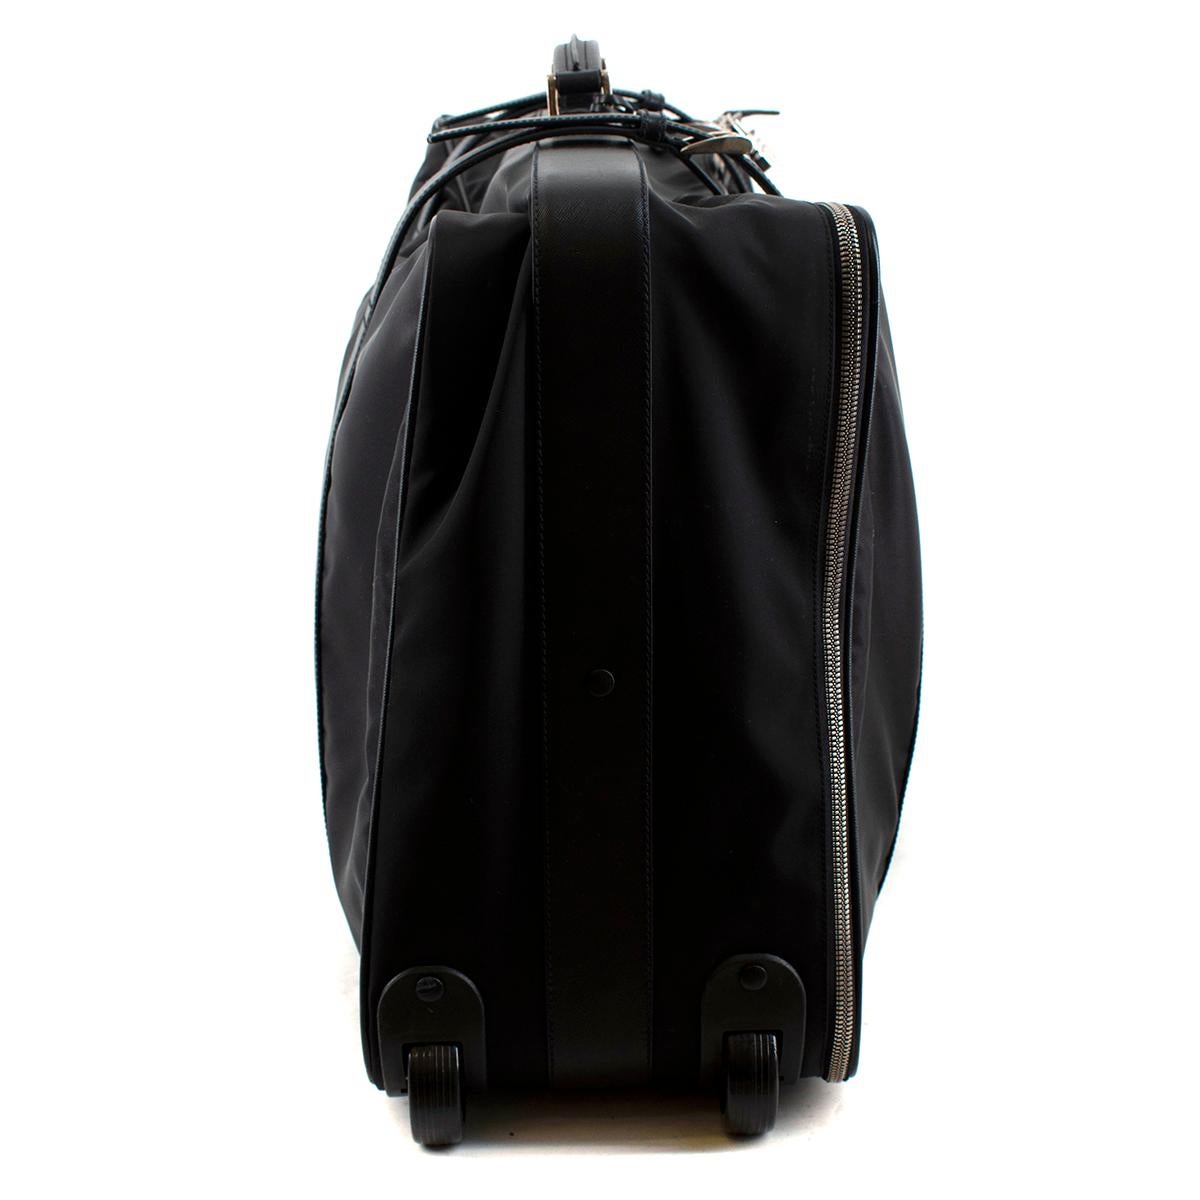 Prada Black Nylon & Saffiano Leather Semi-Rigid Suitcase

- Nylon with Saffiano leather handle and trim
- Polished steel hardware and dark metal zipper
- Logo lining
- Tag logo inside, triangle enameled logo outside on the front
- One compartment
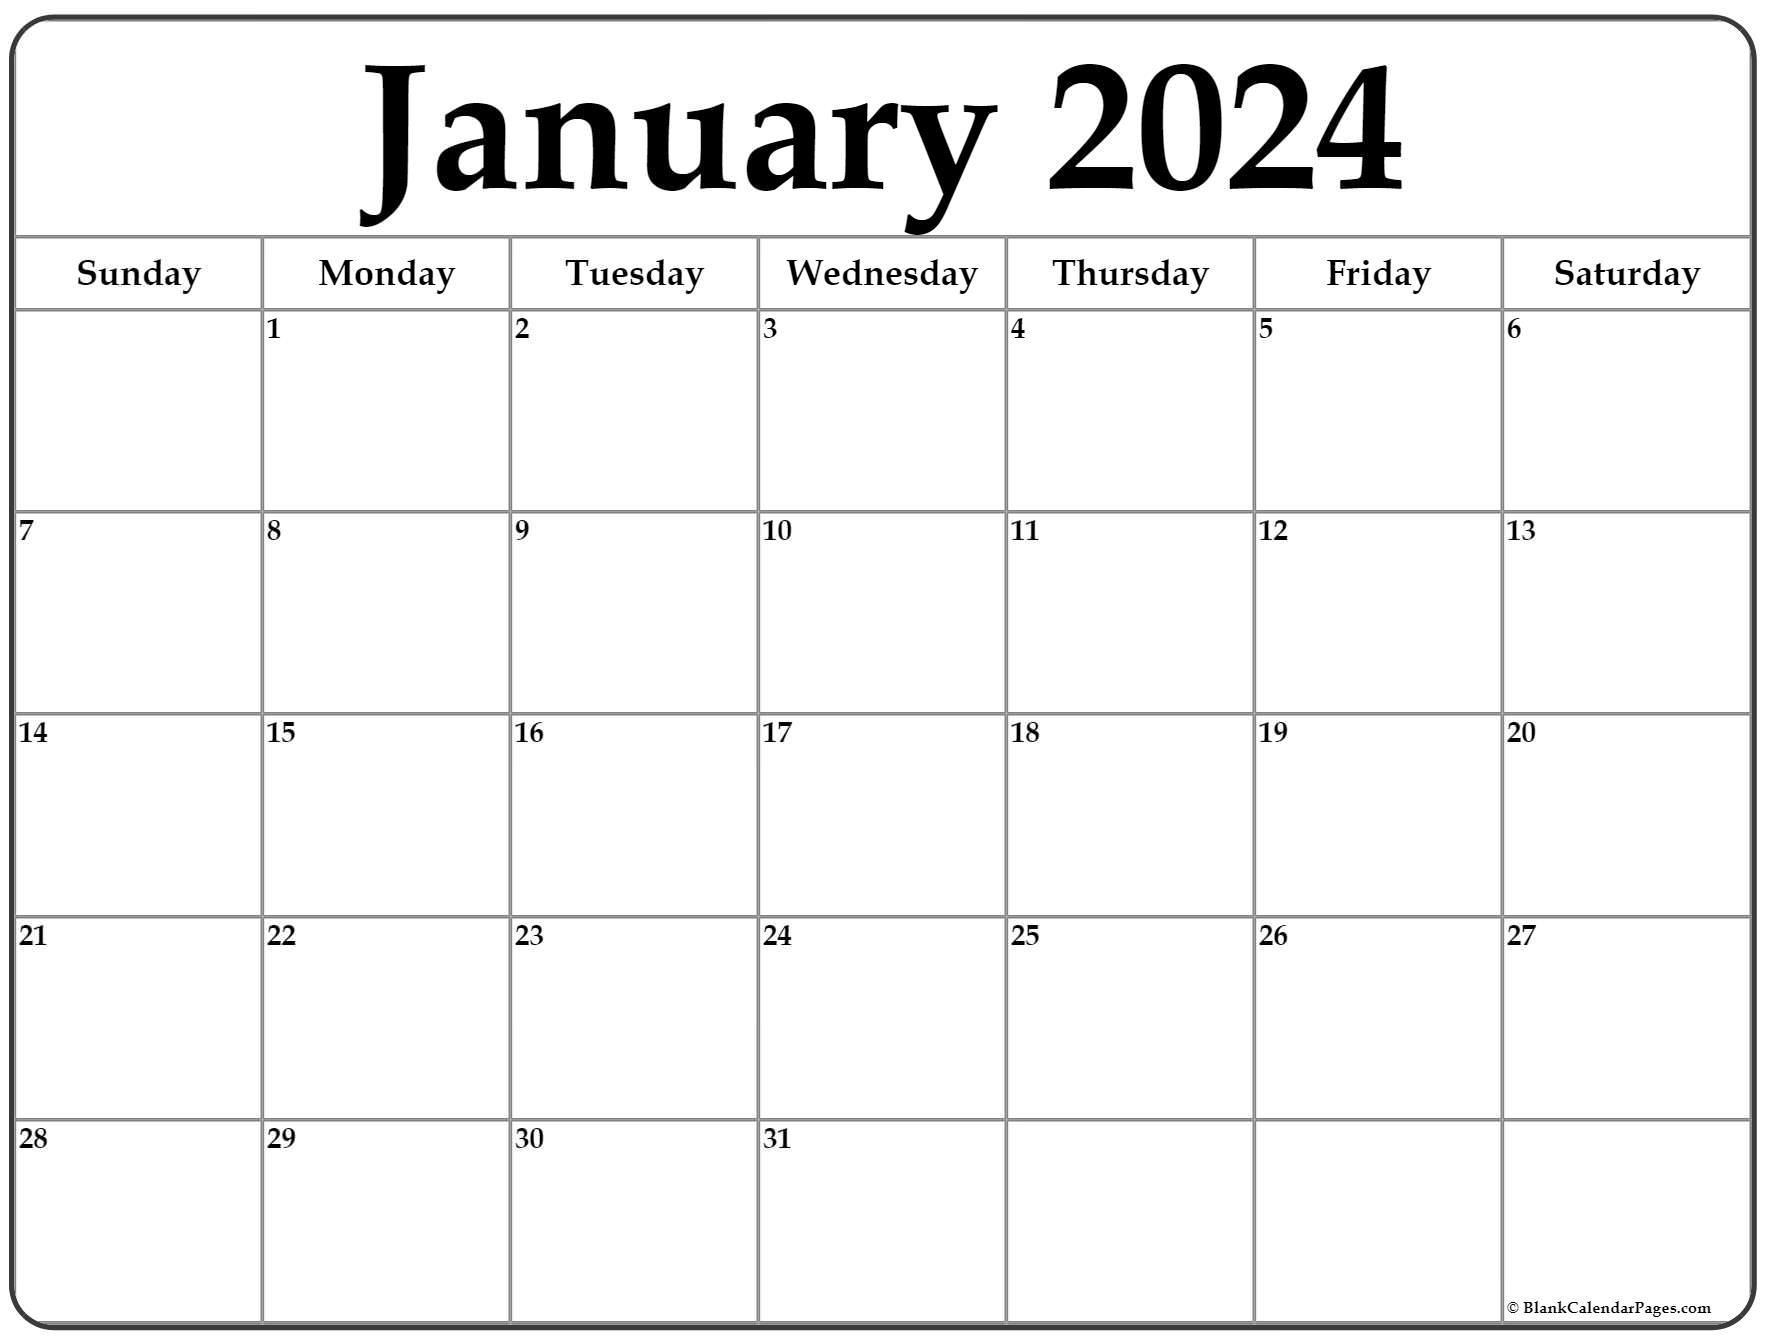 January 2024 Calendar | Free Printable Calendar | Printable Calendar 2024 Free Blank

+--

■ **The task**: From the first line to the last, repeat the data above exactly and leave the pictures out.

■ **Exercise answer**:
 Prada Black Nylon & Saffiano Leather Semi-Rigid Suitcase

- Nylon with Saffiano leather handle and trim
- Polished steel hardware and dark metal zipper
- Logo lining
- Tag logo inside, triangle enameled logo outside on the front
- One compartment
 January 2024 Calendar | Free Printable Calendar | Printable Calendar 2024 Free Blank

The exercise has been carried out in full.